The, LH platform team was headed by François Castaing, who was previously responsible for product engineering and development at American Motors Corporation (AMC). Working with an engineering team of only 700, it took just over three years from the styling studio to the showrooms. To give focus for the platform engineering team, the benchmark target was the Eagle Premier.
As the 1990s dawned, Chrysler faced a renewed round of financial troubles. The US economy slipped into a recession following the 1987 Black Monday stock market crash and the Savings and Loan Crisis, but the company's main problems were due to a lack of engineering innovation and careless spending during the years of prosperity in the 80s. Most of Chrysler's lineup was based on the proven, but dated K-car platform, plus debt accumulated from expensive purchases including Italian automakers Lamborghini and Maserati, along with American Motors, and critics routinely criticized their inability to produce cars that were competitive with Japanese companies or Ford, which had just struck a coup-des-grace with the Taurus line.
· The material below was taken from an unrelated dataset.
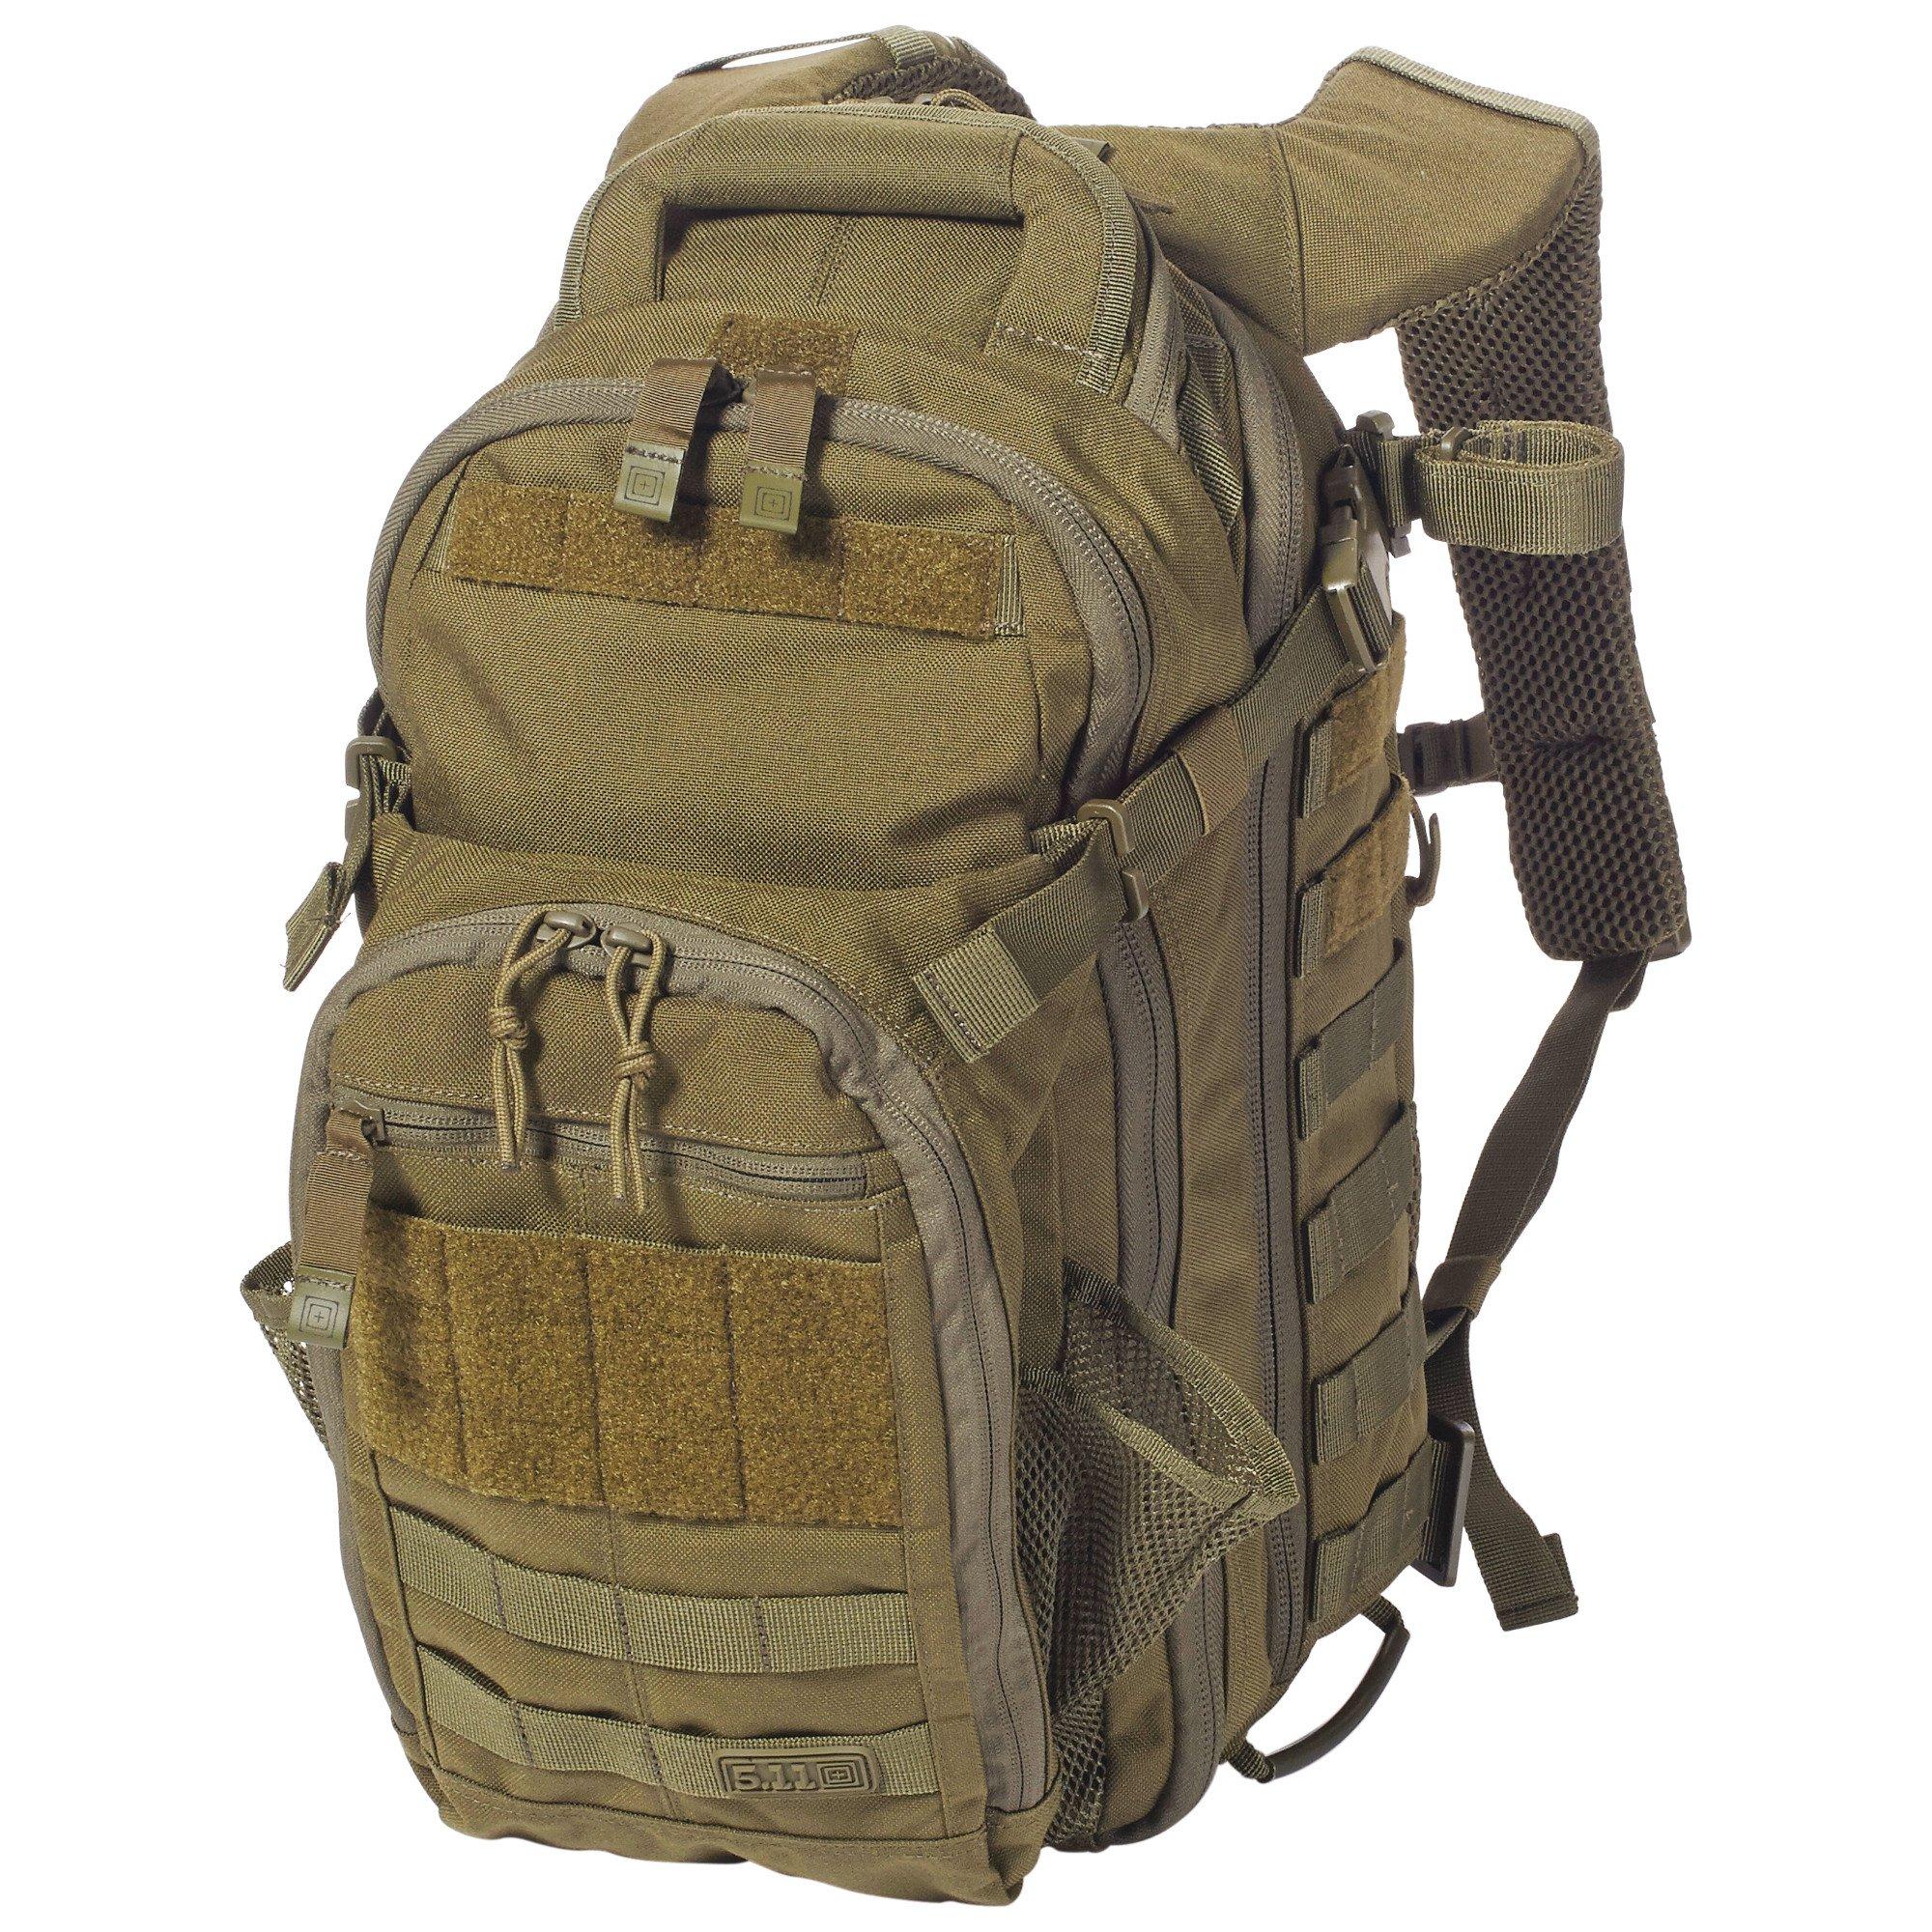 Balo 5.11 Tactical ALL HAZARDS NITRO 21L – Tac OD

It was also widely believed that Chairman Lee Iacocca had stayed at the helm of Chrysler too long. Thus, it was time for the automaker to make a fresh start for the 1990s. In 1992, Iacocca (who had just turned 68) was finally persuaded to retire. Although some suspected that he would turn the reigns over to Bob Lutz, he instead designated the more conservative, straitlaced Bob Eaton as new chairman. This was because Chrysler faced an uncertain future and that its engineers were allowed to do what they felt was innovative. The LH vehicles were, generally, a great success for Chrysler and the cab-forward look influenced other car designs in the 1990s. Although the real "gold mine" of Chrysler's acquisition of AMC was the Jeep brand, their minivans and LH sedans also helped to bail the company out of almost certain bankruptcy in the 1990s.
Chrysler advertised the advantages of the LH's "cab-forward" architecture (short, sloping hood and long windshield), and even used the platform name for the Chrysler LHS sedan. This look dictated one major design decision: the LH uses a longitudinal engine rather than the transverse engine position, which is more typical for front-wheel drive cars. This arrangement meant that the design team had to use a chain to connect the automatic transmission with the front differential, a design reminiscent of the original Oldsmobile Toronado. The transverse engine position generally uses a chain to connect the engine with the transmission, a higher-velocity application subject to greater wear and noise.
The Dodge and Eagle LH cars competed directly against the Ford Taurus and other mid-size cars, largely replacing the K-based C-bodies, The Chrysler models competed with upmarket domestics such as Buick and Oldsmobile. The LH cars debuted in 1993, and were updated in 1998. The LH platform was replaced with the rear-wheel drive Chrysler LX platform for the 2005 model year.
First generation (1993-1997)
Cars that used the first revision of the LH platform include:
All versions shared a 113-inch (2,900 mm) wheelbase. One year after the original three cars were introduced, the "stretched" LHS and New Yorker had different rear bodywork providing 5 inches (130 mm) more overall length as well as a revised rear seat providing more leg room.
Originally, Chrysler came close to giving Plymouth a variant of the LH platform, called the Plymouth Accolade, a name consistent with the then-current Plymouth Acclaim. It was to be a base model below the equipment level of the Intrepid. The Accolade never made it into production.
Second generation (1998-2004)
Cars that used the second revision of the LH platform include:
When Chrysler discontinued the Eagle brand after 1998, the Chrysler 300M was introduced as a replacement for the Vision. All models again shared a wheelbase of 113 inches (2,870 mm). The 300M was several inches shorter than Concorde, Intrepid, & LHS, due to shorter front and rear overhangs in order to bring the car's length under 5 meters.
One episode of Robert Reich's 1992 PBS miniseries Made In America focused on the then-yet-to-be-released LH's development and its role in reversing Chrysler's flagging fortunes. A camouflaged Dodge Intrepid is seen being put through the paces at Chrysler's test track, along with concept sketches and other behind-the-scenes activities.